REQUIREMENT:
The needed output is the run of lines below from the one containing "Blick auf den" through the one containing "ISTANBUL, TURKIYE - 29", copied exactly and free of pictures.

EXCERPTED RECORDS:
● ● ● ●

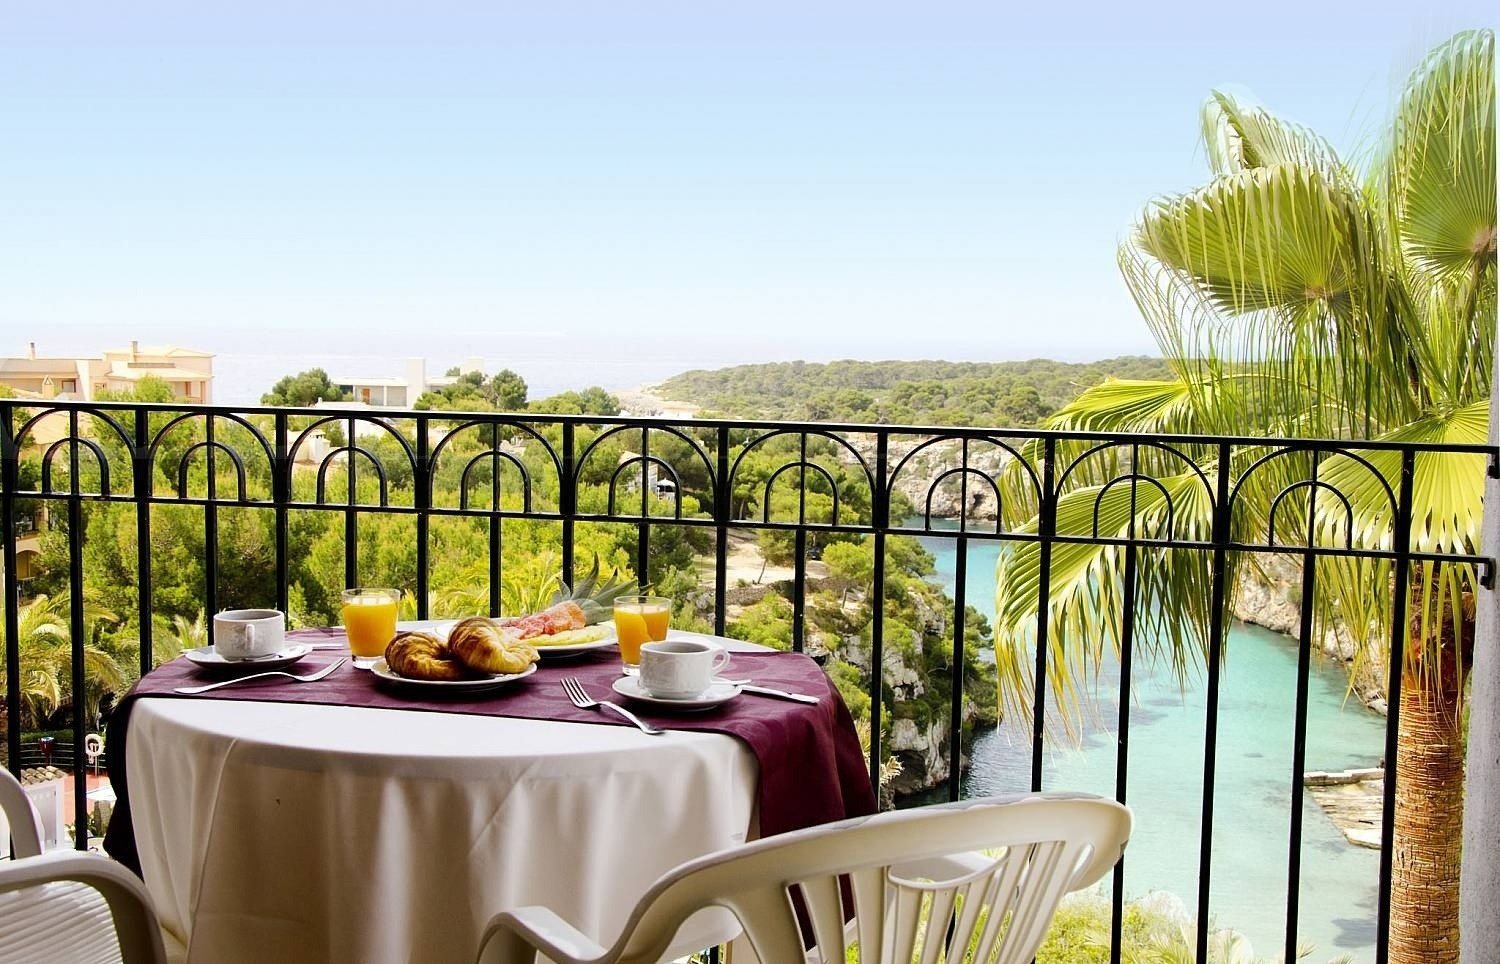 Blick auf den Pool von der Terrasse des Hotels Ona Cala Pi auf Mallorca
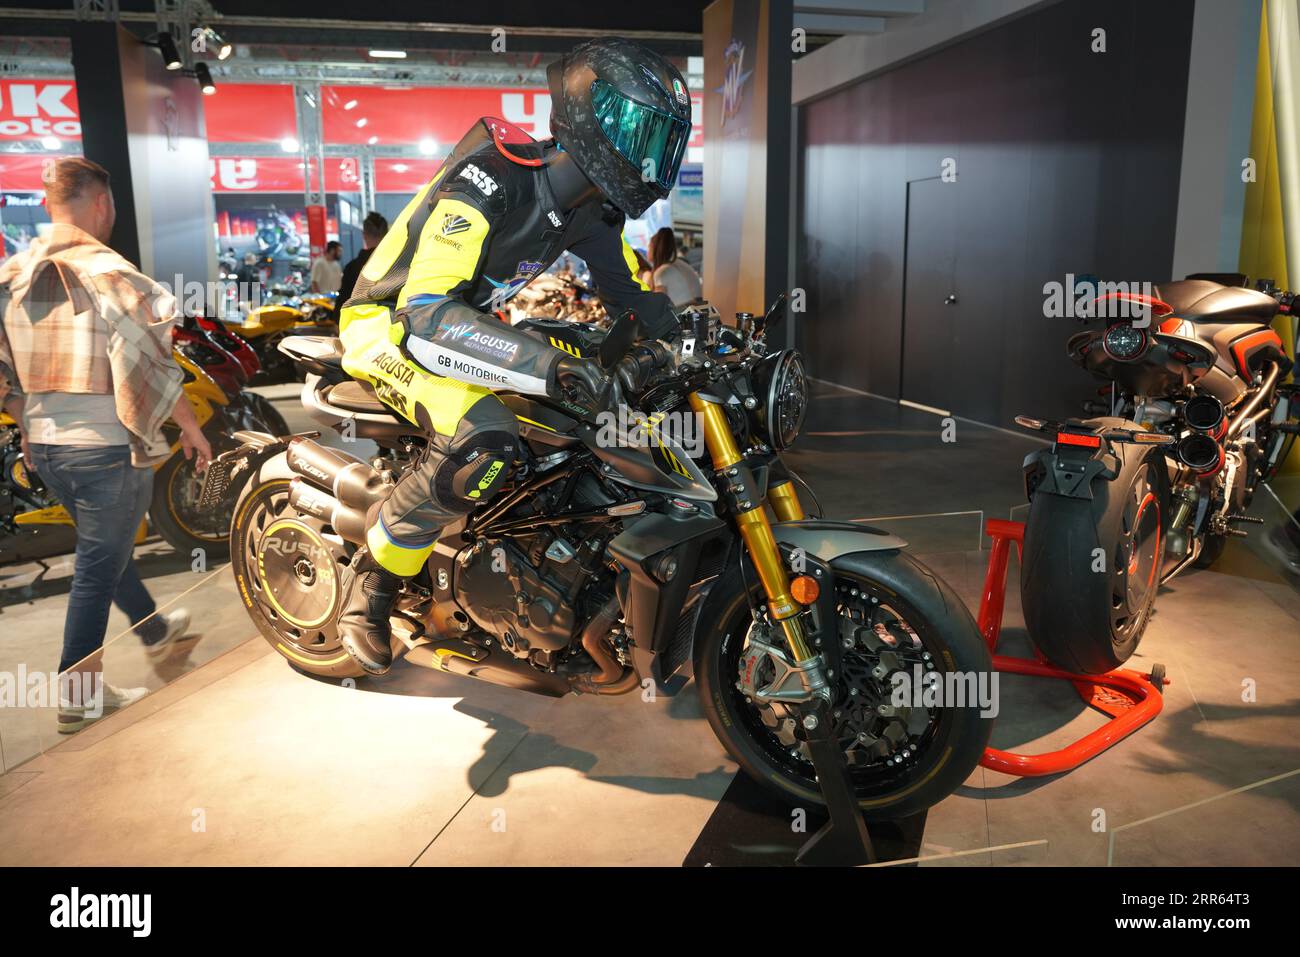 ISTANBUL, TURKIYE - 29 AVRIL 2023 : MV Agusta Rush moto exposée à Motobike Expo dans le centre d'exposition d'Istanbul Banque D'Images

● ● ● ●

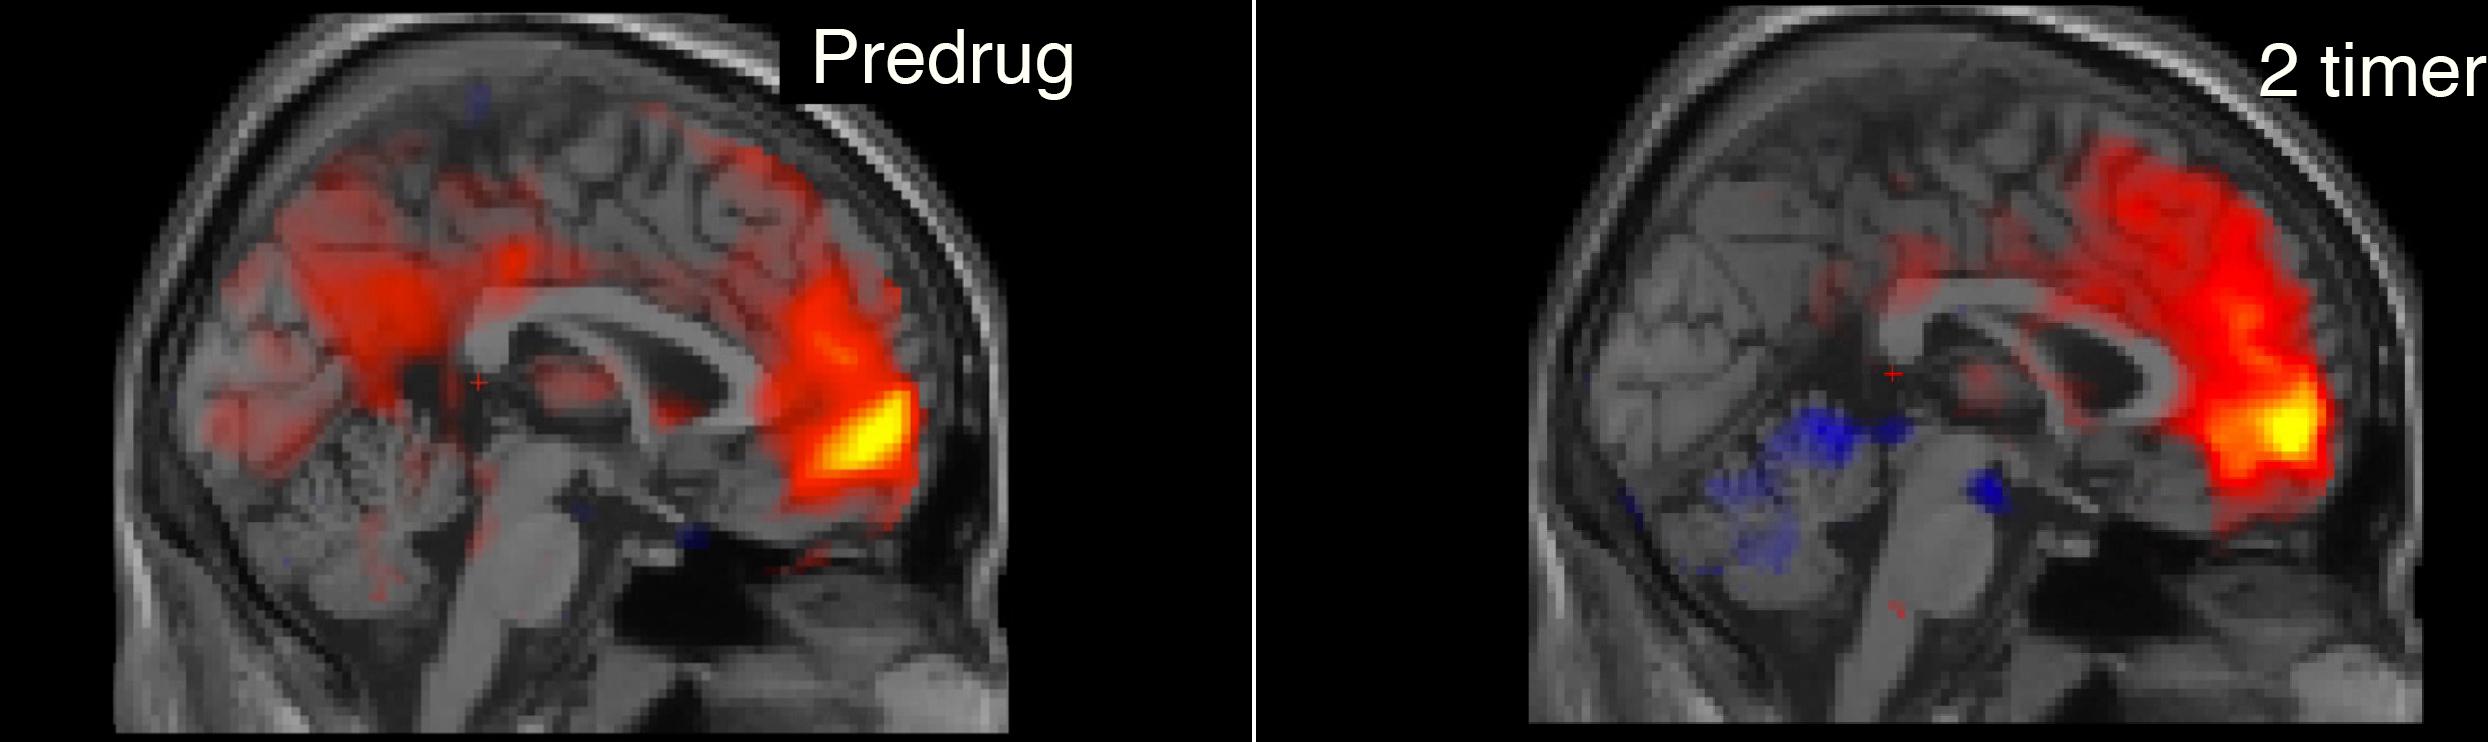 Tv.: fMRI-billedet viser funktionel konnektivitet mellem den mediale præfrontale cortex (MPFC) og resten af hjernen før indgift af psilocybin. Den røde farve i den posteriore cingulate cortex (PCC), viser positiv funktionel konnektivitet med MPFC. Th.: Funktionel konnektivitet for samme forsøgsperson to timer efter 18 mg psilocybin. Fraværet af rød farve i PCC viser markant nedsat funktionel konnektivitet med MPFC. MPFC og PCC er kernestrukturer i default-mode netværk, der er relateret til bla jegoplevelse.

● ● ● ●

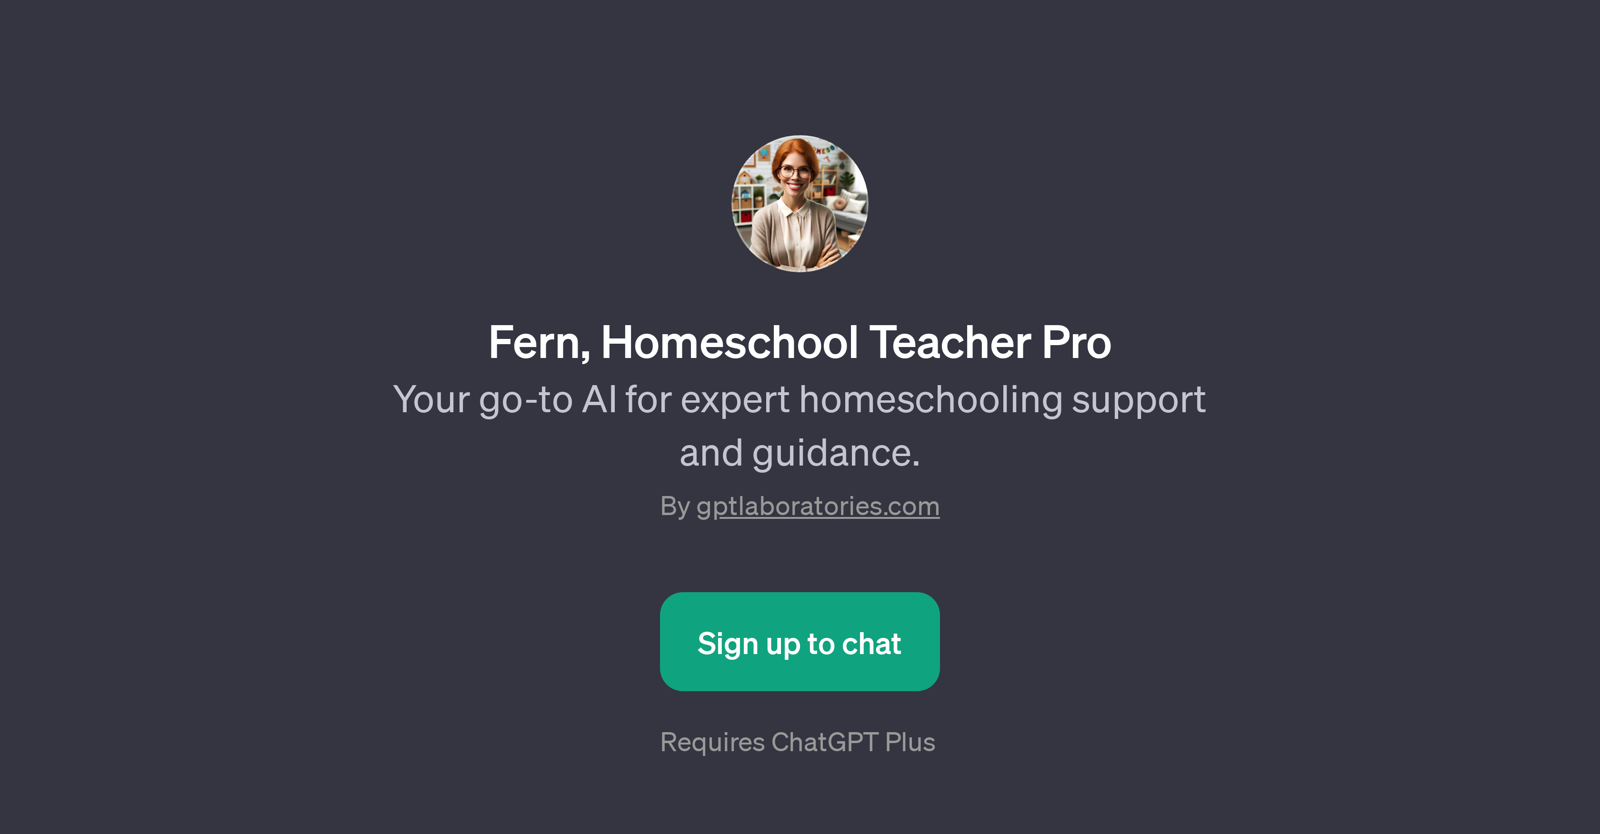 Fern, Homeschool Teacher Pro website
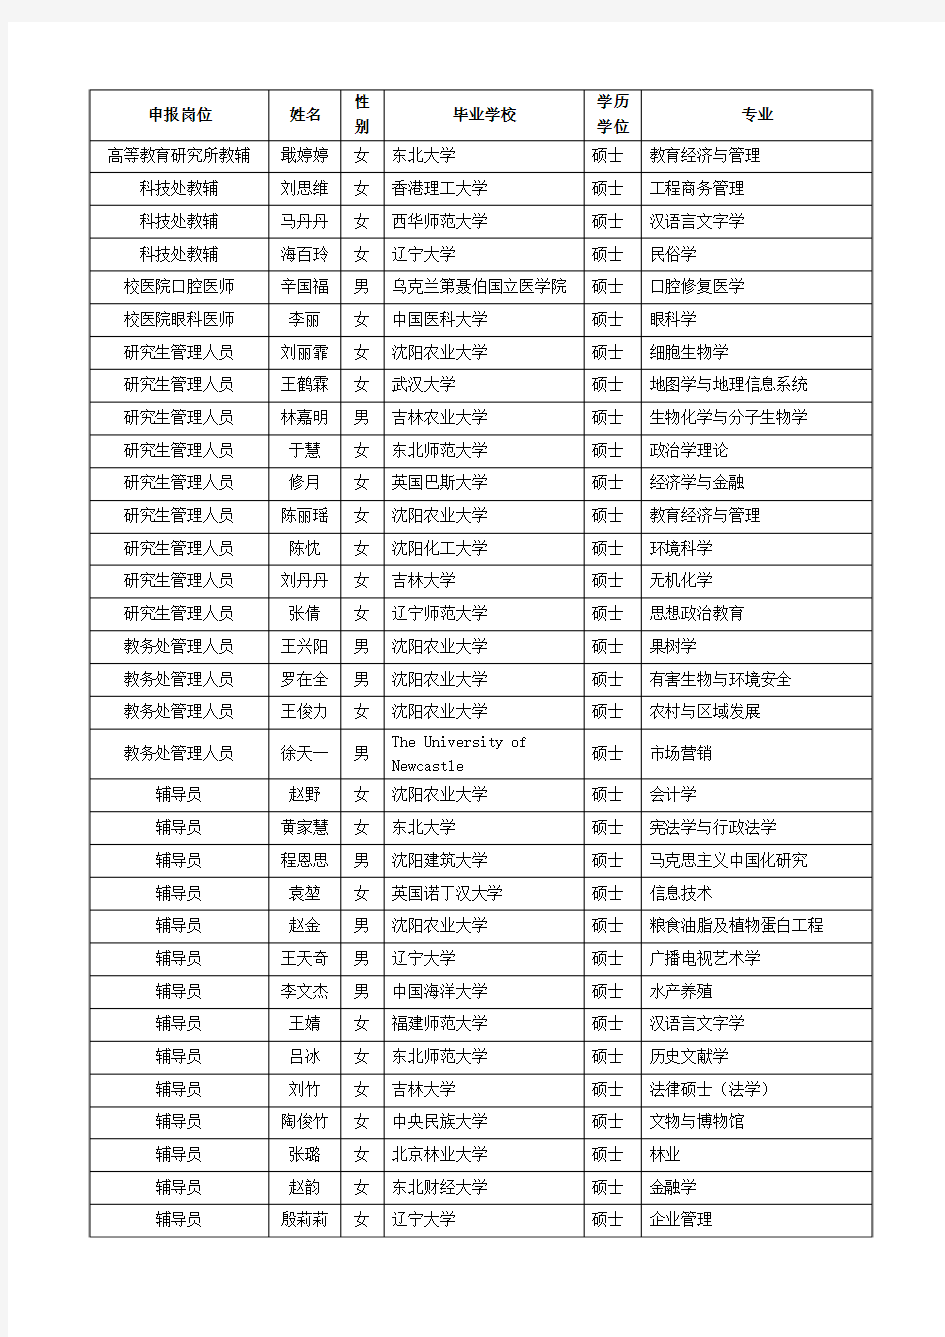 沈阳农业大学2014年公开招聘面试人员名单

● ● ● ●

EXPECTED ANSWER:
 Blick auf den Pool von der Terrasse des Hotels Ona Cala Pi auf Mallorca
 ISTANBUL, TURKIYE - 29 AVRIL 2023 : MV Agusta Rush moto exposée à Motobike Expo dans le centre d'exposition d'Istanbul Banque D'Images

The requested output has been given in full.